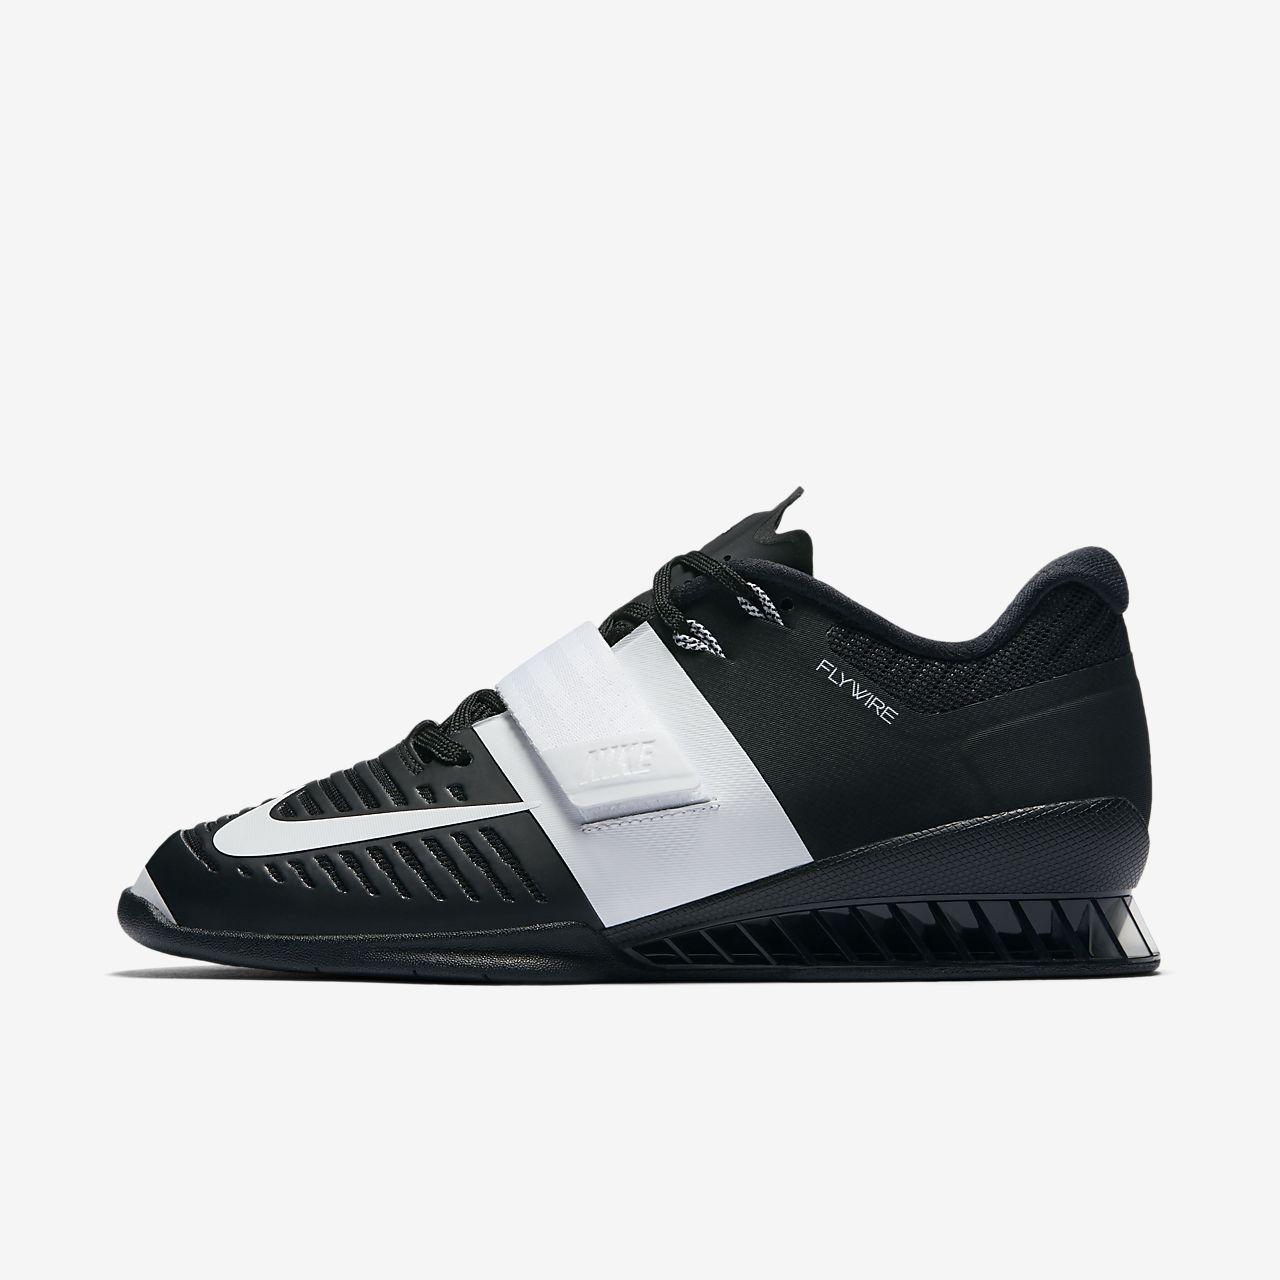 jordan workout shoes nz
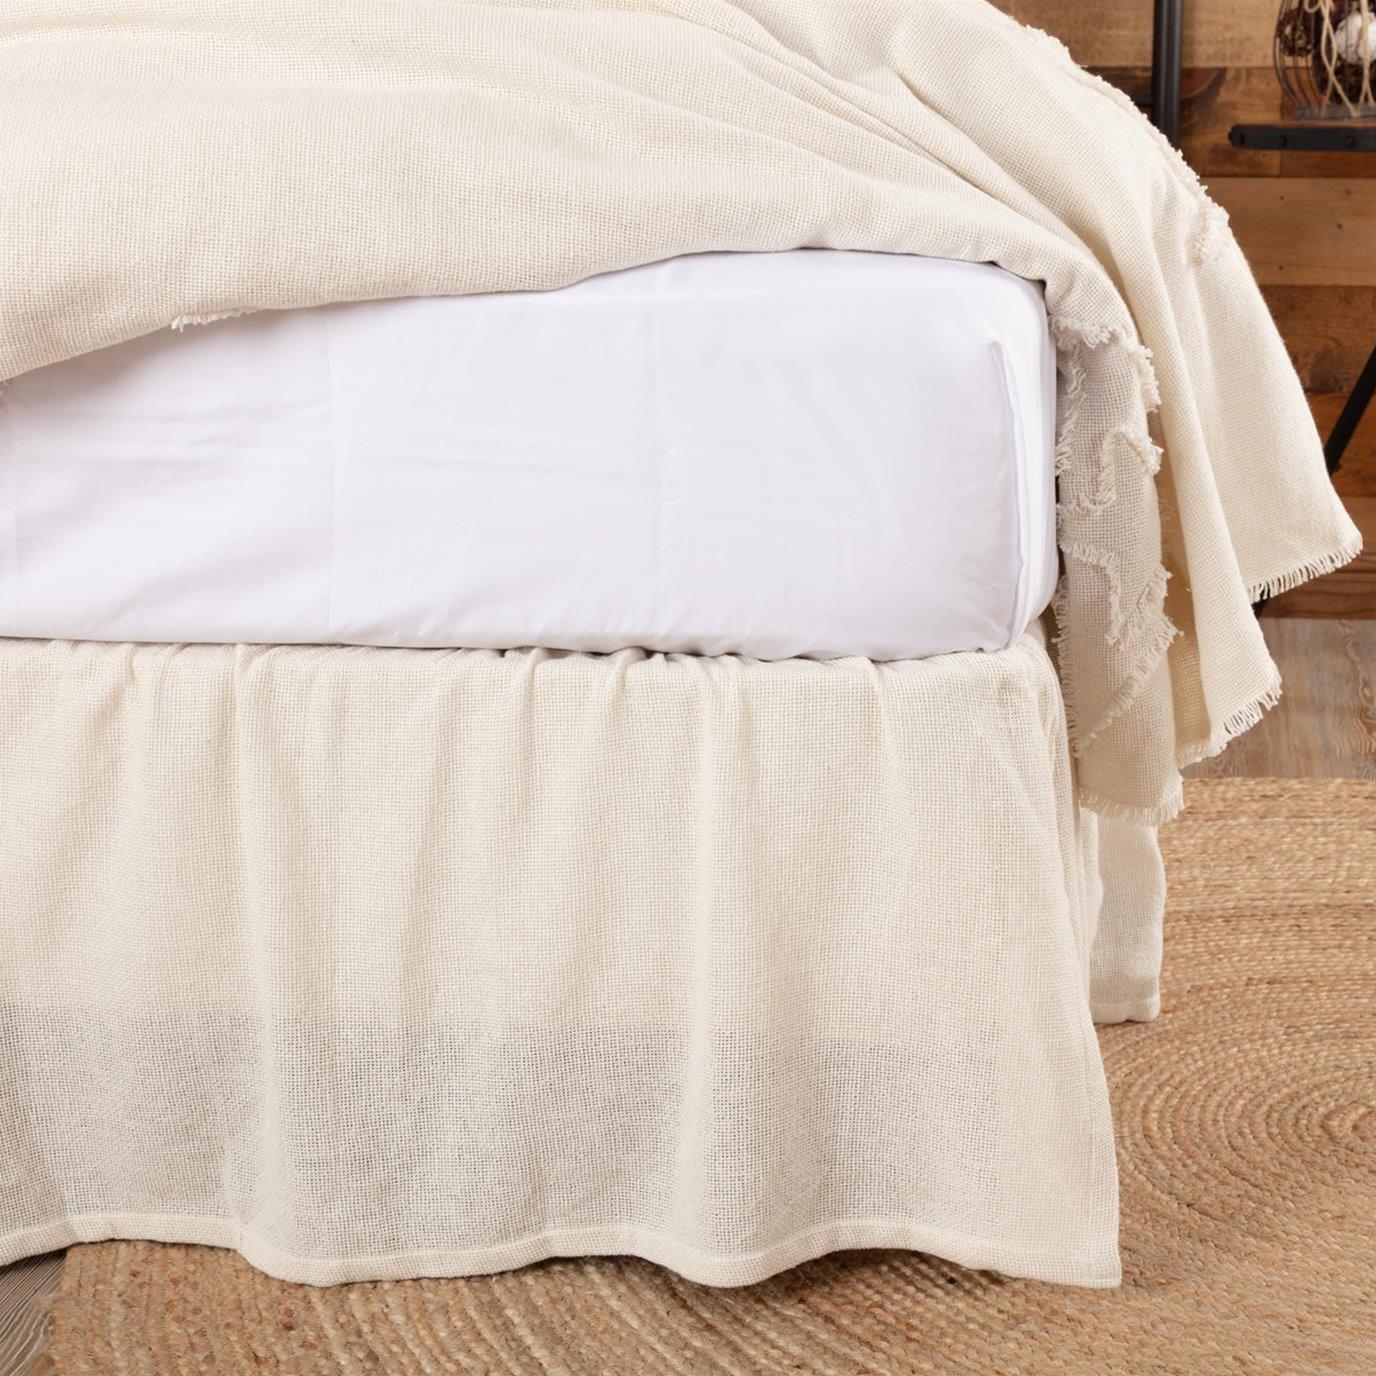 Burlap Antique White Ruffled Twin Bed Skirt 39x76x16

____________________

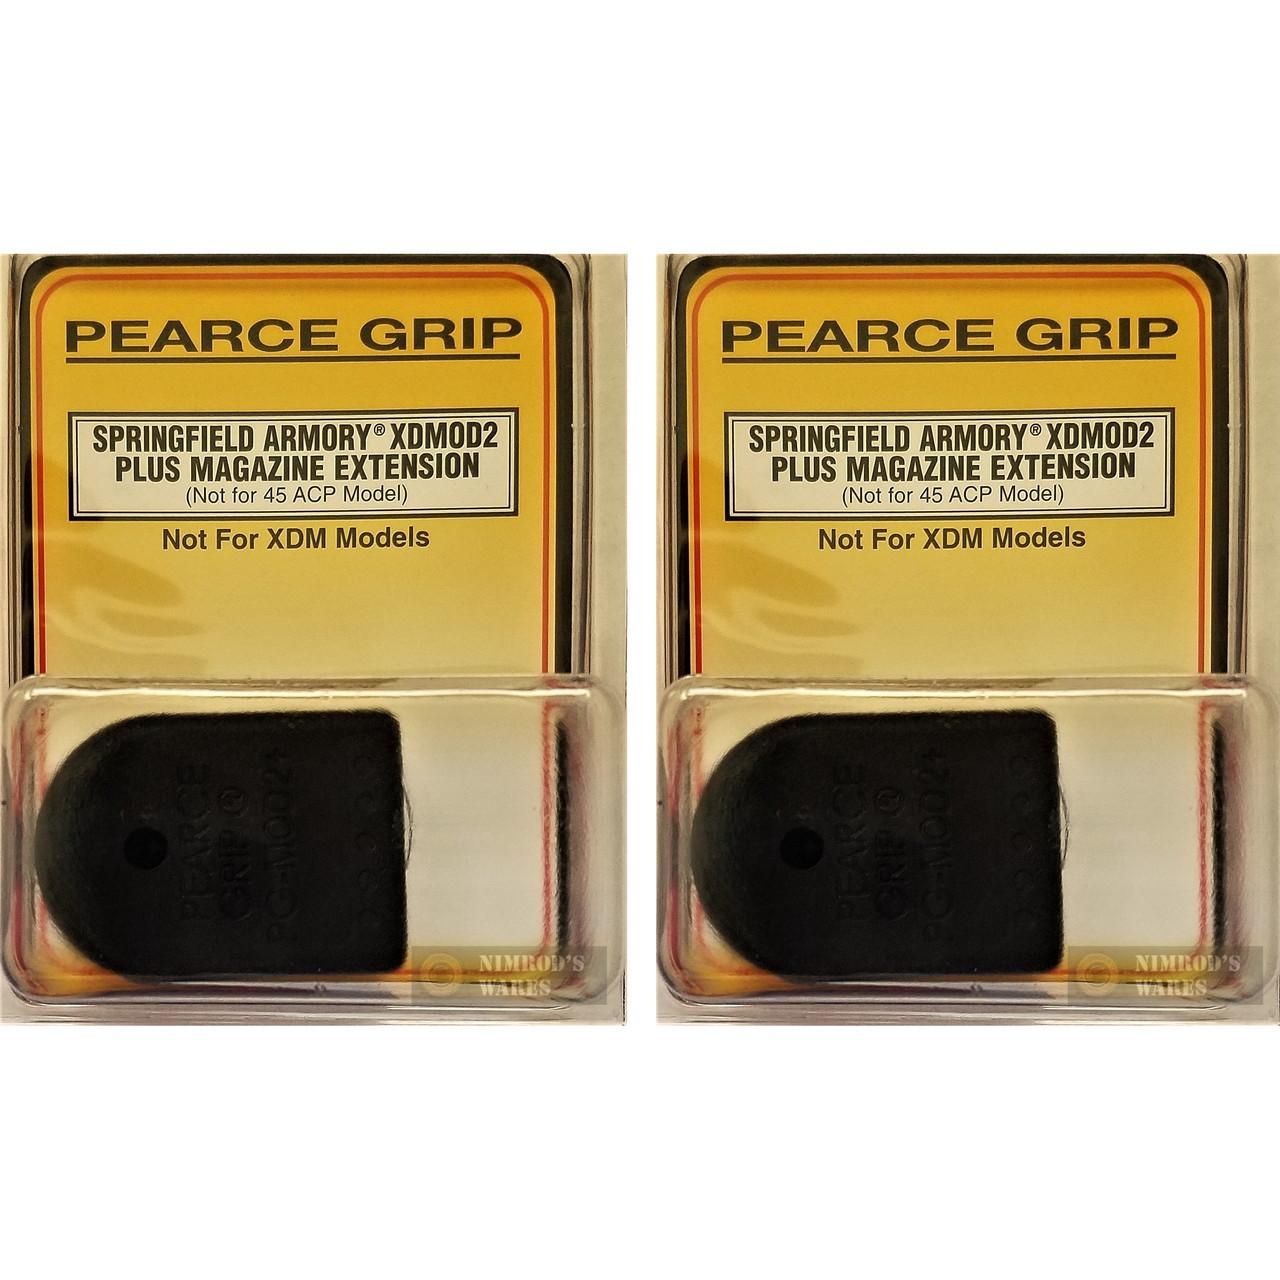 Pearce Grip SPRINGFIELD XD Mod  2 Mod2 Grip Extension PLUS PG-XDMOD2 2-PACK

____________________

What the task requires ▸ Using the data above, print only the lines starting at the one with "jordan workout shoes nz" and ending at the one with "Burlap Antique White", exactly as they stand, minus the pictures.

Answer space ▸
 jordan workout shoes nz
 Burlap Antique White Ruffled Twin Bed Skirt 39x76x16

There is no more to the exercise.